Alors il nous faut commencer par réconcilier les parents et l'institution pour agir ensemble en co-éducation.
La crise du Covid a été un temps d’éloignement entre parents et écoles, avec un accroissement des inégalités scolaires, notamment dans les quartiers populaires, en lien avec la promiscuité des logements, la fracture numérique et les plus grandes difficultés à accompagner le travail scolaire. La question de la coéducation est fondamentale. Des mesures comme les 11 espaces parents portés par la ville de Rennes, dans ou à proximité des écoles, rapprochent les parents des écoles et revalorisent le concept de co-éducation. L’école doit mieux prendre en compte les parents de familles populaires, quelle que soit leur façon de s’habiller ou leur religion, c’est ça aussi la laïcité.
L’école de la république doit réussir à accueillir tout le monde et ne pas exiger a priori une maîtrise des codes scolaires de la part des familles. Il doit s'agir d'un apprentissage commun et les différences culturelles, les expériences vécues, les langues parlées… ne doivent pas faire peur, mais enrichir l'école.
Enfin, il nous faut ouvrir nos écoles sur la nature : en désimperméabilisant les cours, en permettant de faire classe à l’extérieur. Ou encore à Grenoble, par le biais des bases de plein air municipales qui permettent aux classes de passer des séjours en montagne, en campagne ou au bord de la mer. L’occasion de découvrir ses camarades et ses enseignant-e-s sous un autre jour, de se créer une expérience collective et de faire l’expérience de la nature.
Je pense l’avoir montré, il est tout à fait possible, par l’action combinée des politiques publiques et la mobilisation des habitant.e.s, de faire des quartiers populaires où il fait bon vivre. Et alors, enrichi.es par leur passage, ils et elles pourront choisir. Il ne s’agira plus de prétendre qu’installer des ménages plus riches quelque part règle les problèmes sociaux des autres. Mais de donner envie de rester. De miser sur une mixité sociale endogène.
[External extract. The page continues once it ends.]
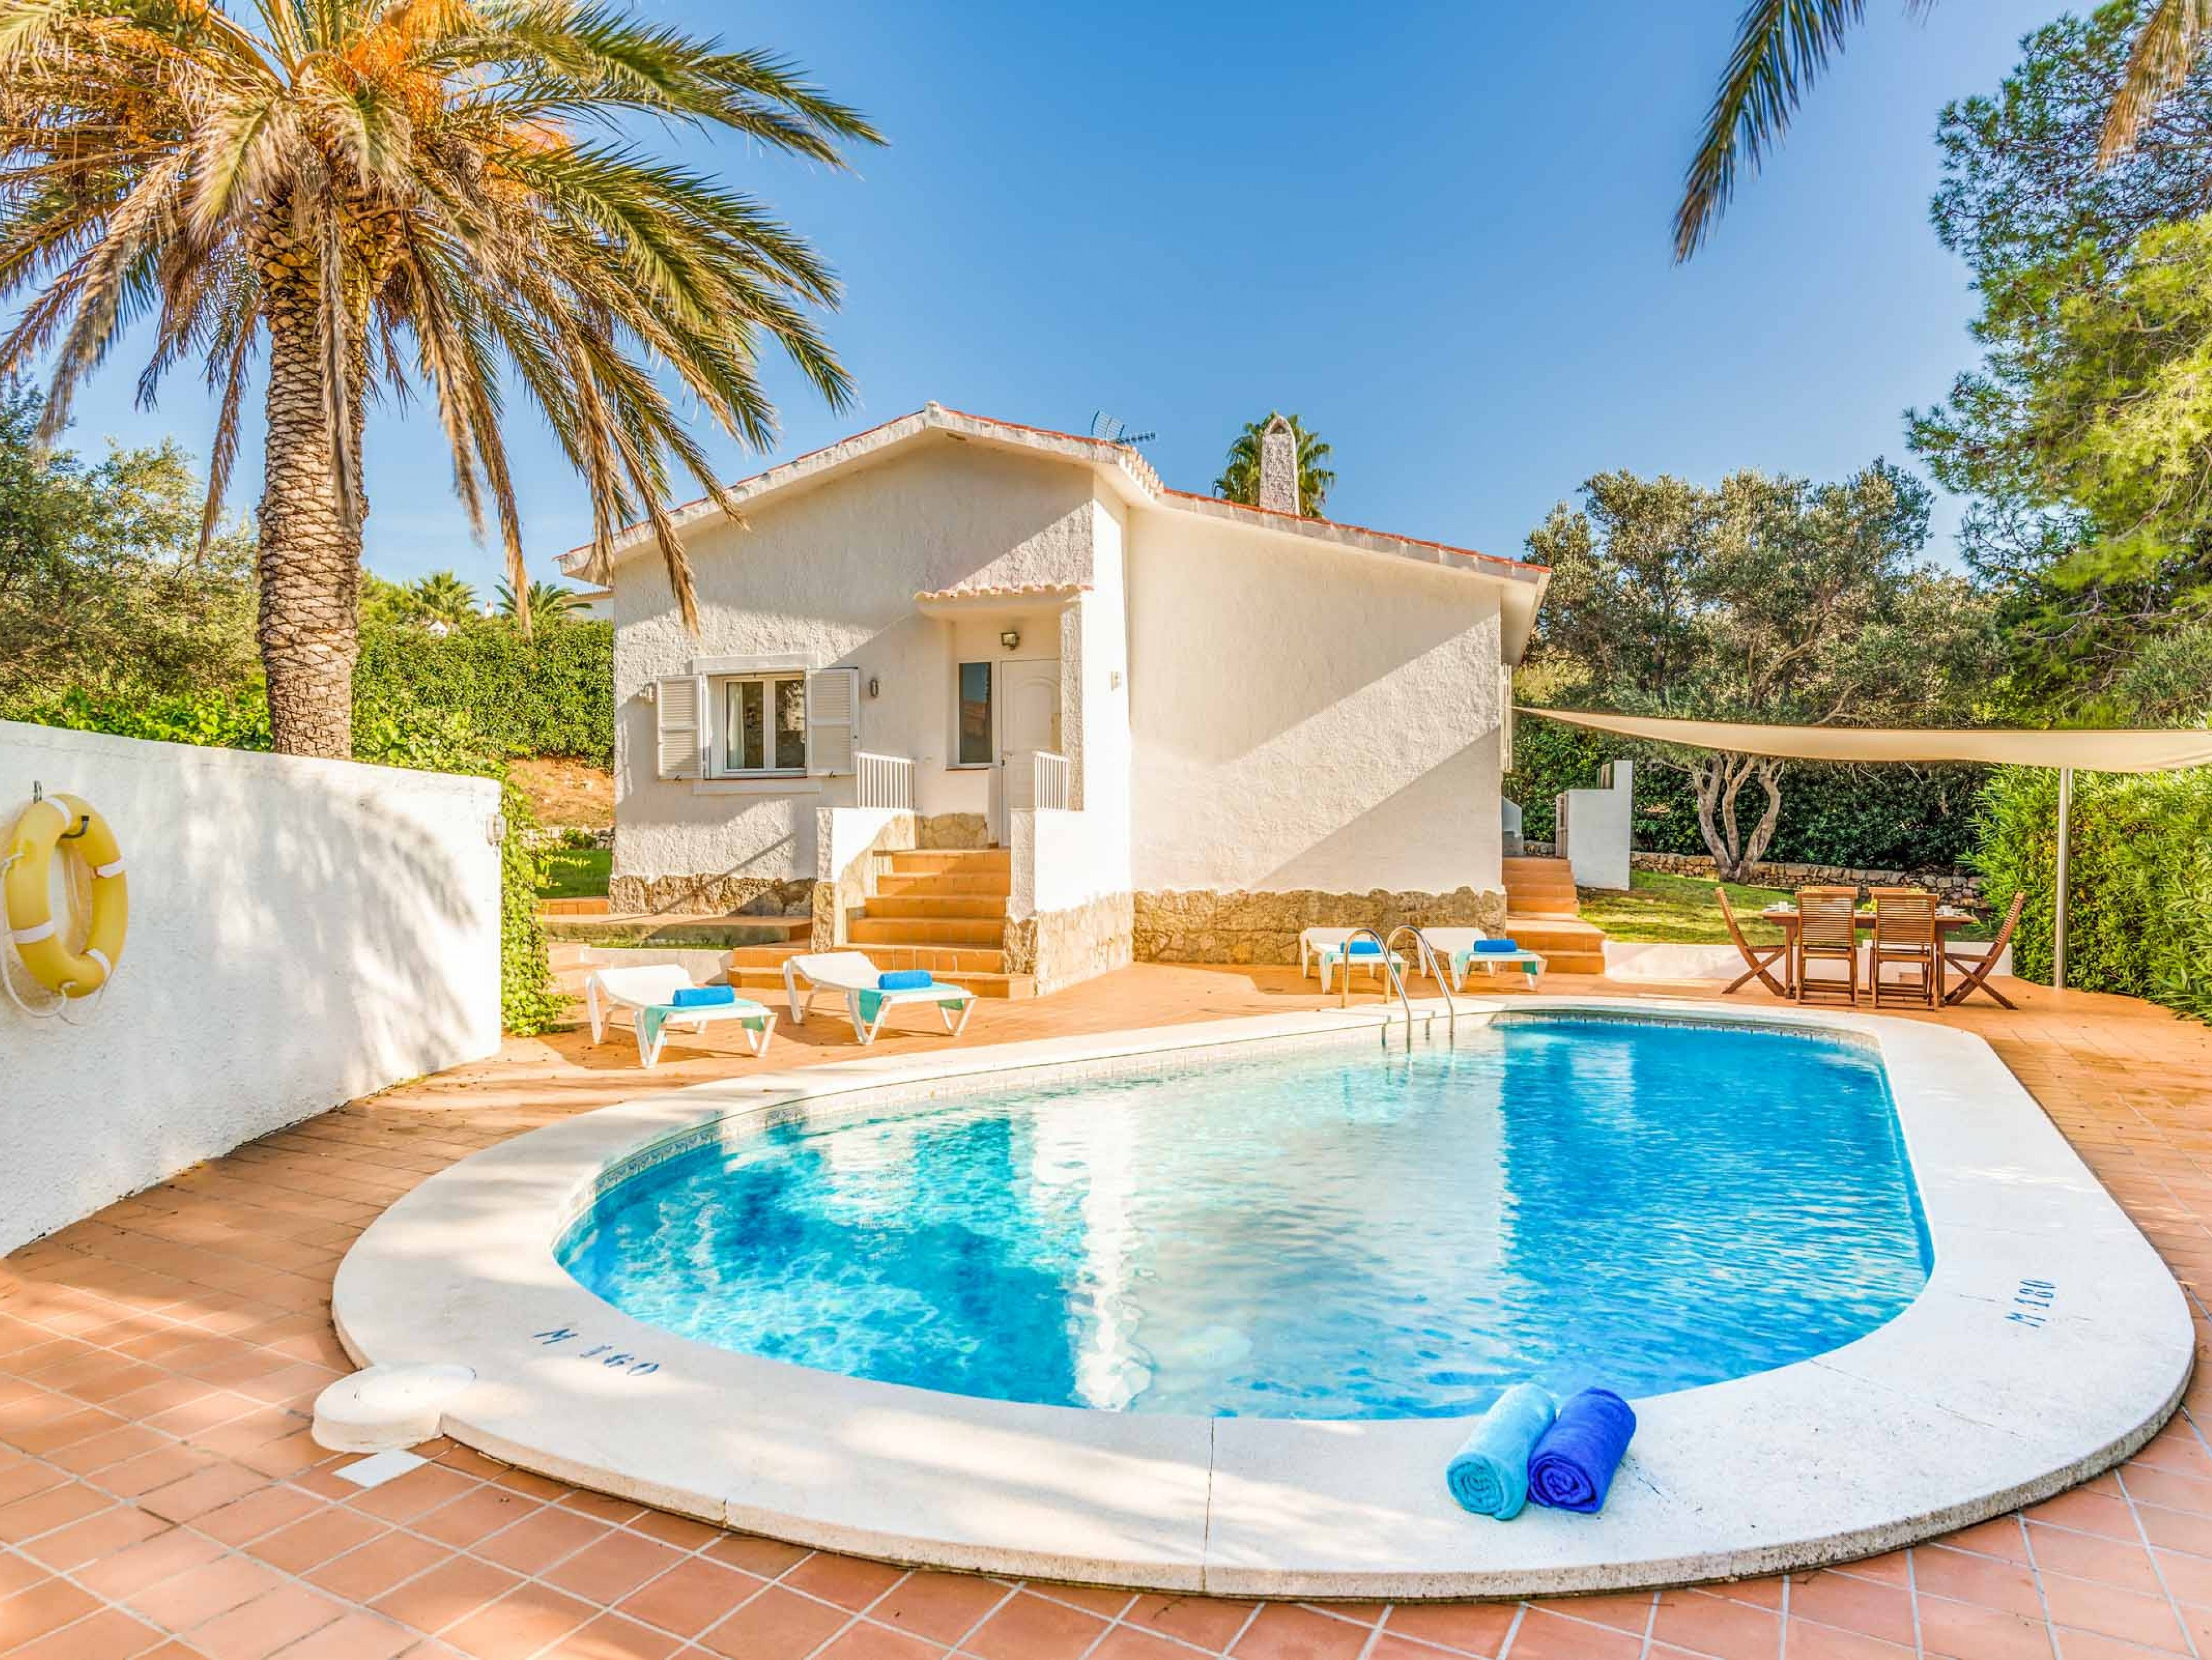 Villa Marismas Sombra Spain villas with pools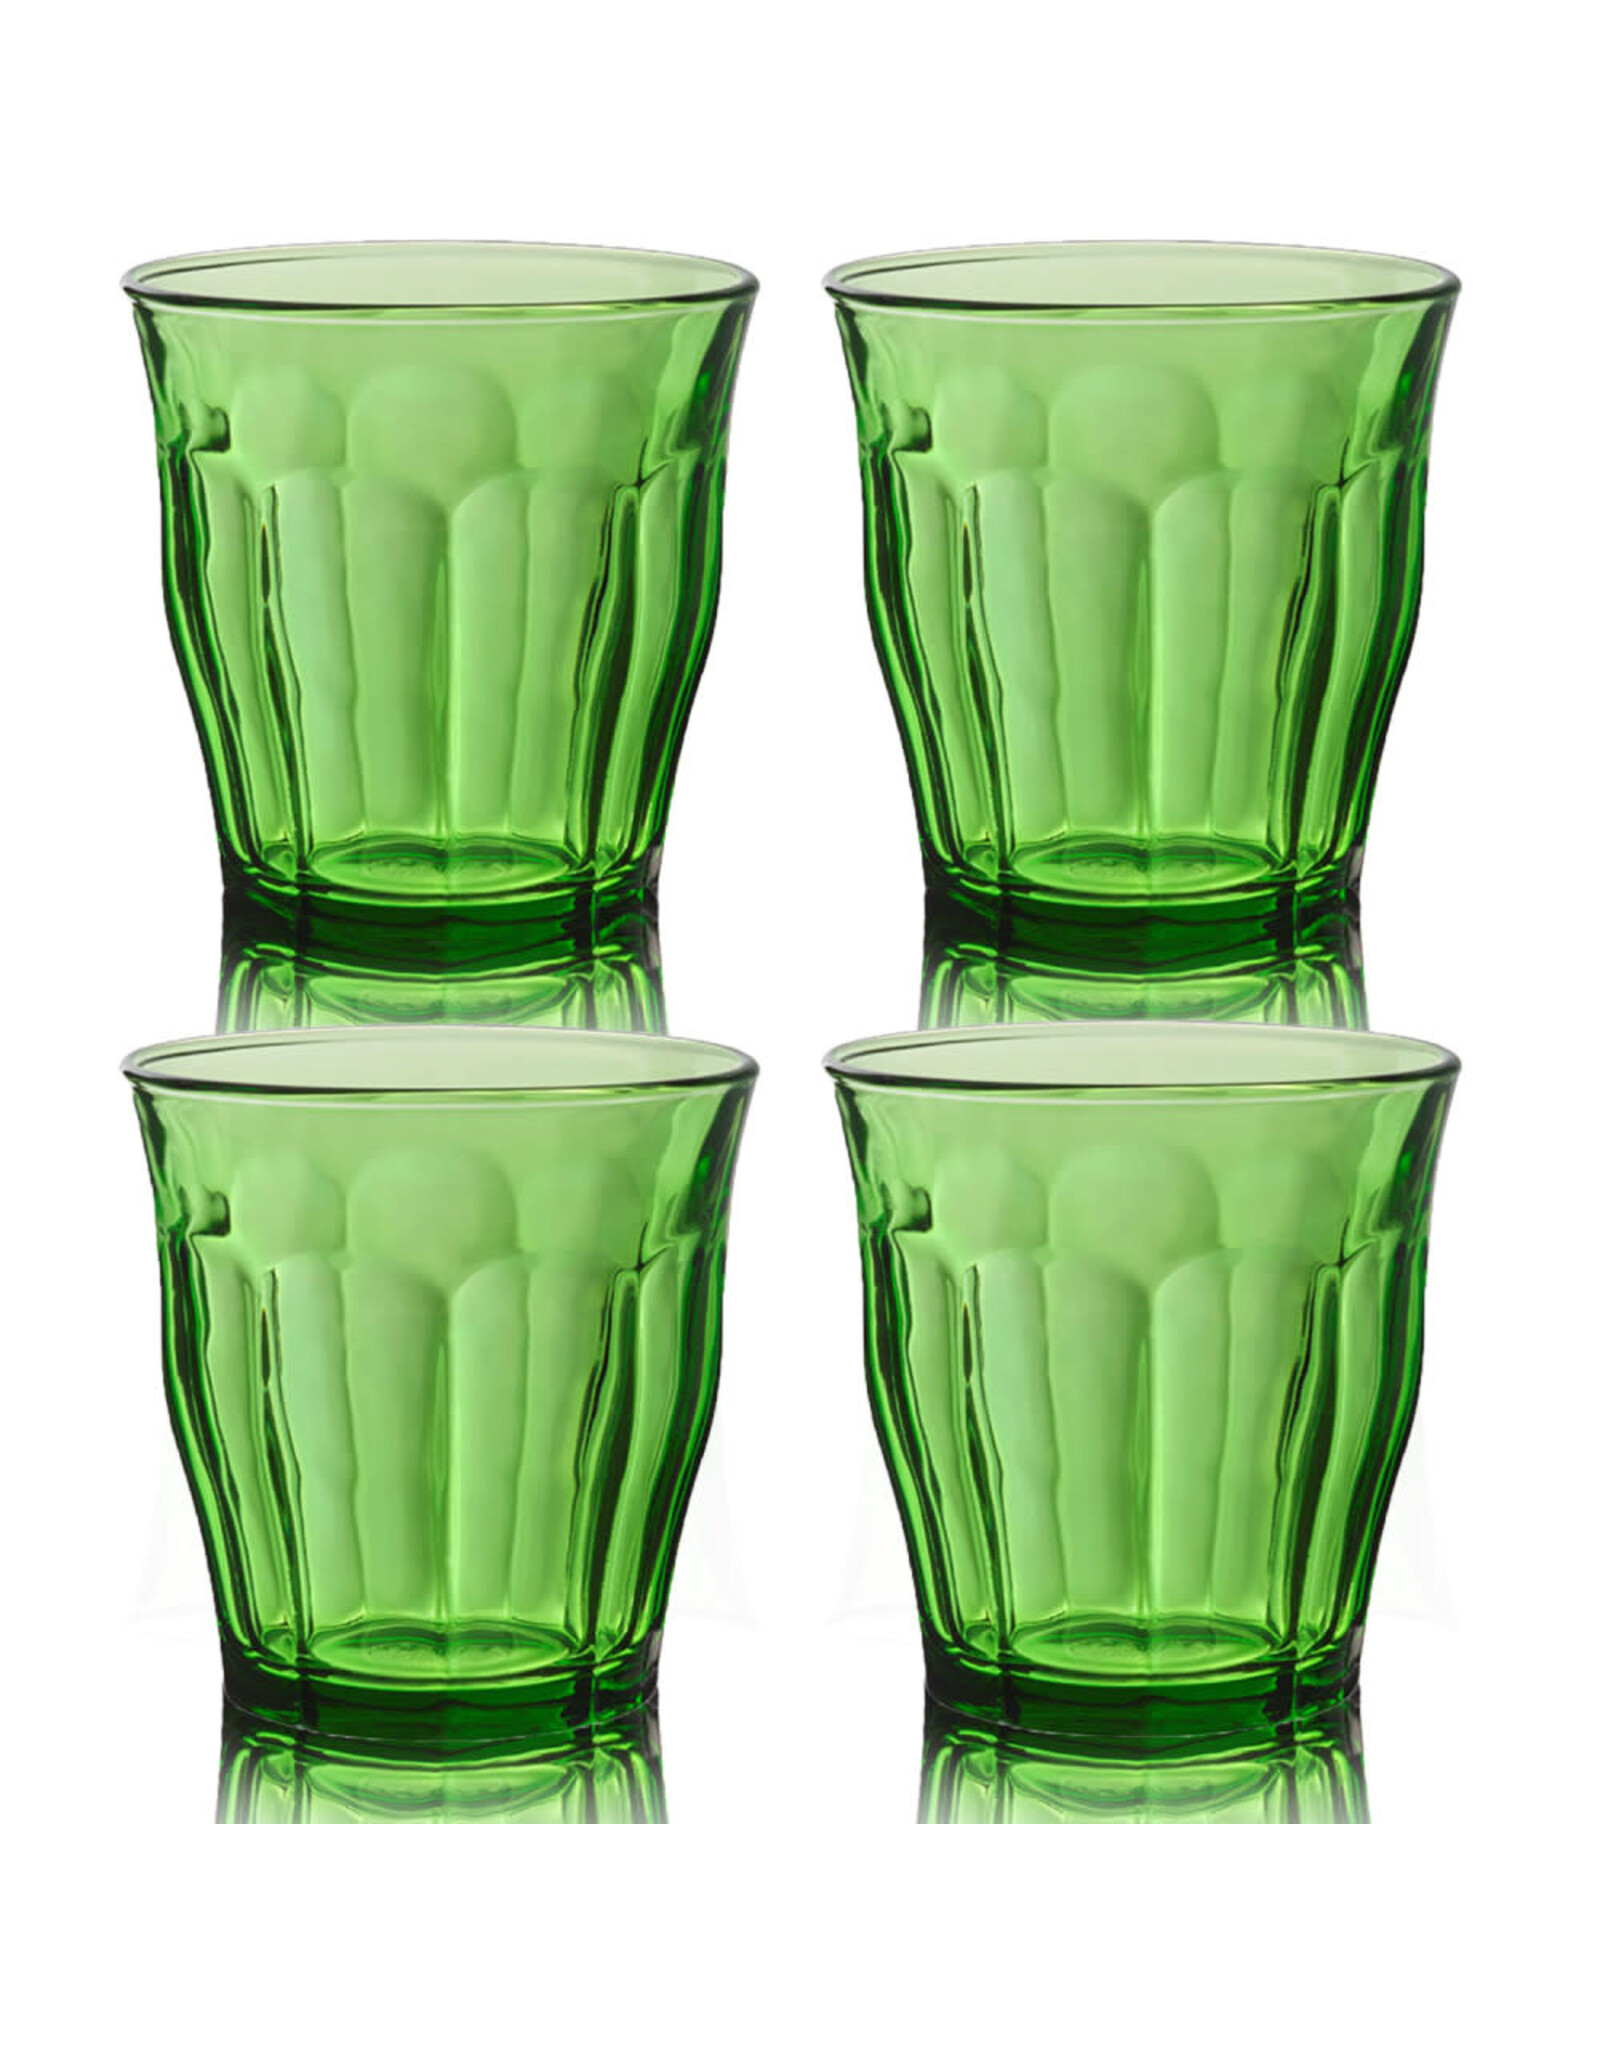 Duralex Picardie Green Glasses - 10 3/8oz - Set of 4

Si j’ai souhaité partager ma vision politique des quartiers populaires, c’est parce que nous avons la responsabilité de dénoncer sans relâche le paravent politico-médiatique construit par la droite et l’extrême droite, cet écran de fumée nauséabonde destiné à nous cacher des problématiques concrètes des habitant.e.s : précarité et racisme, inégalités sociales, faiblesse des services publics, pollution de l’air, logements à réhabiliter… les personnes qui vivent dans les quartiers populaires méritent que l’on parle d’elles et de toutes leurs vies positives. En tant qu’écologiste et défenseur de la justice sociale, je crois fondamentalement au fait que nous ne pourrons pas transformer la société sans embarquer les habitant.e.s des quartiers populaires. Nous avons besoin d’elles et d’eux pour donner un avenir positif à notre société commune.
Les habitant.e.s des quartiers populaires peuvent être fier.e.s d’habiter des espaces de solidarités et de multiculturalité, auxquels nos Villes doivent tant. Il s’agit de pouvoir être fier de venir de quelque part, fier d’être là où l’on est, et fier d’aller ailleurs. En gagnant cette dignité, on se raccroche à ce territoire et alors, on n’est plus seulement logé là. On habite. On peut agir. On a envie de le protéger. De protéger les personnes qui y vivent contre les pollutions aux micro-particules, de construire des circuits-courts pour que l’alimentation de qualité ne soit plus réservée aux plus riches. De lutter contre le réchauffement climatique, et ses conséquences pour les habitant.e.s des logements passoires-logements bouilloires. C’est là que je saluerai Fatima Ouassak, dont le travail et nos échanges, m’ont bien-sûr largement inspiré, ainsi que mes discussions avec Mohamed Mechmache et le réseau Pas Sans Nous ou encore le travail fait par l’association Banlieue Climat.
Ensemble nous pouvons construire un projet d’écologie populaire.